What Makes A Good Submissive?
What makes a good sub?
It’s a question that many submissively-inclined kinksters will struggle with at one point or another in their sex life: “Am I a good submissive?”
If you Google “good submissive” you’ll find any number of articles, forums and social media discussions about what constitutes a good sub. Generally, those conversations are populated by Dominants/Dommes describing the attributes of a submissive – or attributes of submission in general – that most appeal to them.
There are even categories of submission. One widespread article loosely defines nine distinct categories of submission, from (and I’m paraphrasing) a kind of casual submissive who likes it a little rough and only occasionally, to a total, live-in, full-time, limitless slave. Subcategories of subcategories upon subcategories.
But there’s a serious problem with the question “what makes a good sub?” The problem can be summarized like this: labeling a person’s expression of sexual submission in terms as cut-and-dried as “good” and, by obvious implication, “bad”, creates a false ideal of submission. It creates standards to which new and emerging submissives feel pressured to conform.
The phrase “good submissive” is a close cousin of “real woman”. The problem with the phrase “real woman,” as is demonstrated every day on social media, is that the impression of what constitutes such a concept is so subjective that the phrase itself has become self-defeating.
One day we’re told to reject the models we see in fashion magazines as unrealistic and embrace a curvier ideal. The next day we’re told that anyone who self-identifies as a woman is a real woman by definition. The next, we’re told we should reject the definition completely. Whichever side of the fence you sit on in this regard, the point is that it’s impossible to state definitively what the concept of a real woman is a social construct and therefore subjective.
Things don’t get any more subjective than one’s personal concept of reality, after all.
The same is absolutely true of the notion of a good submissive. A person’s expression of consensual submission is so deeply personal that it often defines them. For many kinksters, their submissiveness is more like a sexual orientation than a kink. And you would never dream of asking a question like “what makes a good gay?” would you?
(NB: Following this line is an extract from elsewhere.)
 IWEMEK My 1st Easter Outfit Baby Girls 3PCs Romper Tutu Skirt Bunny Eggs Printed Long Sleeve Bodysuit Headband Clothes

Hopefully not. Because a question phrased that clumsily belies a poor understanding of the subject. There’s no real set of behavioral characteristics that define someone as gay. You just are it, or you’re not it. Your behavior might sometimes depend on your sexuality, but your sexuality is never dependant on your behavior.
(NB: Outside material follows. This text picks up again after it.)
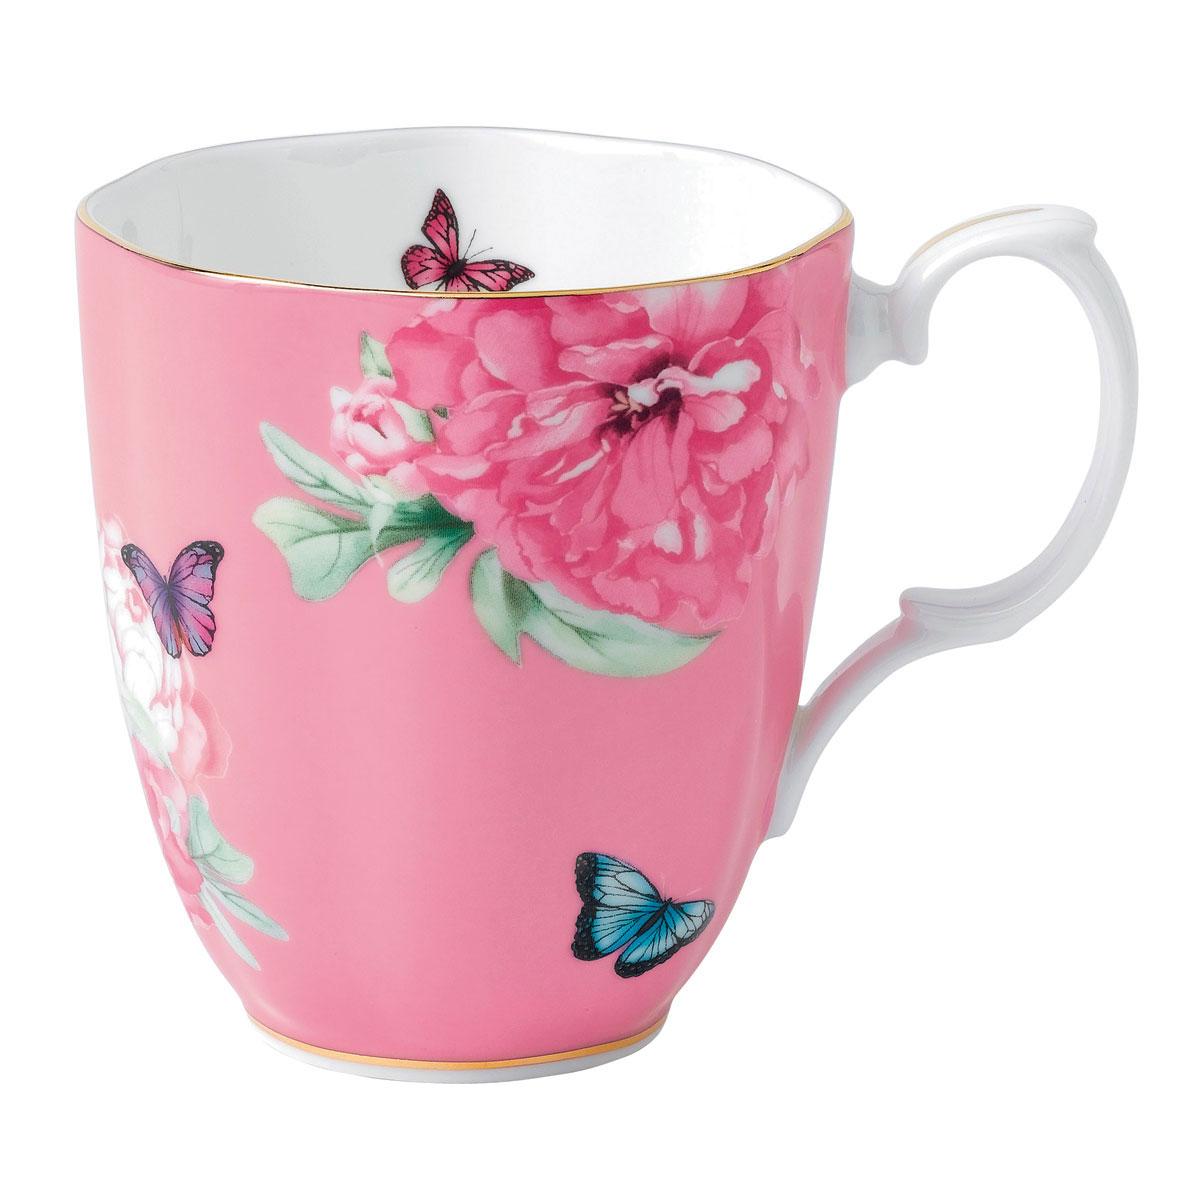 Royal Albert Friendship Vintage Mug 13.5 Oz Pink

It’s strange then to realize that we don’t apply the same standards at the exact opposite end of the spectrum. The most progressive among us might be a bit squeamish when we hear the phrase “good submissive,” but we’re not so quick to interrupt when we hear discussion of a “bad Dom.” Why the discrepancy? Is it a double standard?
No, I don’t think so. The submissive’s role is (very) broadly speaking to follow the guidance and instruction of their Dom. The (very broad) definition of submission is the desire to relinquish control in a sexual context to the will of another. If we take that as a base point for comparison, then the broad definition of sexual dominance is a desire for power and control within a sexual context.
You can immediately see that we hold subs and Doms to different standards, and as such, we can’t be accused of having double standards.
Let’s take a real-life fictional example. 50 Shades. The female submissive, Ana, is certainly a bit of a wet blanket. Naïve and inexperienced, she has the charisma of a rabbit in the headlights. But she essentially does very little wrong in the grand scheme. Christian, the male dominant in the story, is arrogant, reckless, and abusive – manipulative, even ―of the dynamic between them.
So what’s the difference? Christian Grey, as the dominant, has a duty of care. Ana doesn’t. She can be expected to care, but it’s not the same as his duty of care.
Submissives are very rarely passive passengers in the D/s dynamic. That smacks of exploitation. A healthy dom/sub relationship is an equal and respectful one. Any time that you hear a Dom describe a partner as a “bad sub,” it’s probably because that sub resisted the dom’s abuse of power, not because of any intrinsic negative qualities on the submissive’s account.
There is no such thing as a good sub. But there is such a thing as a bad Dom.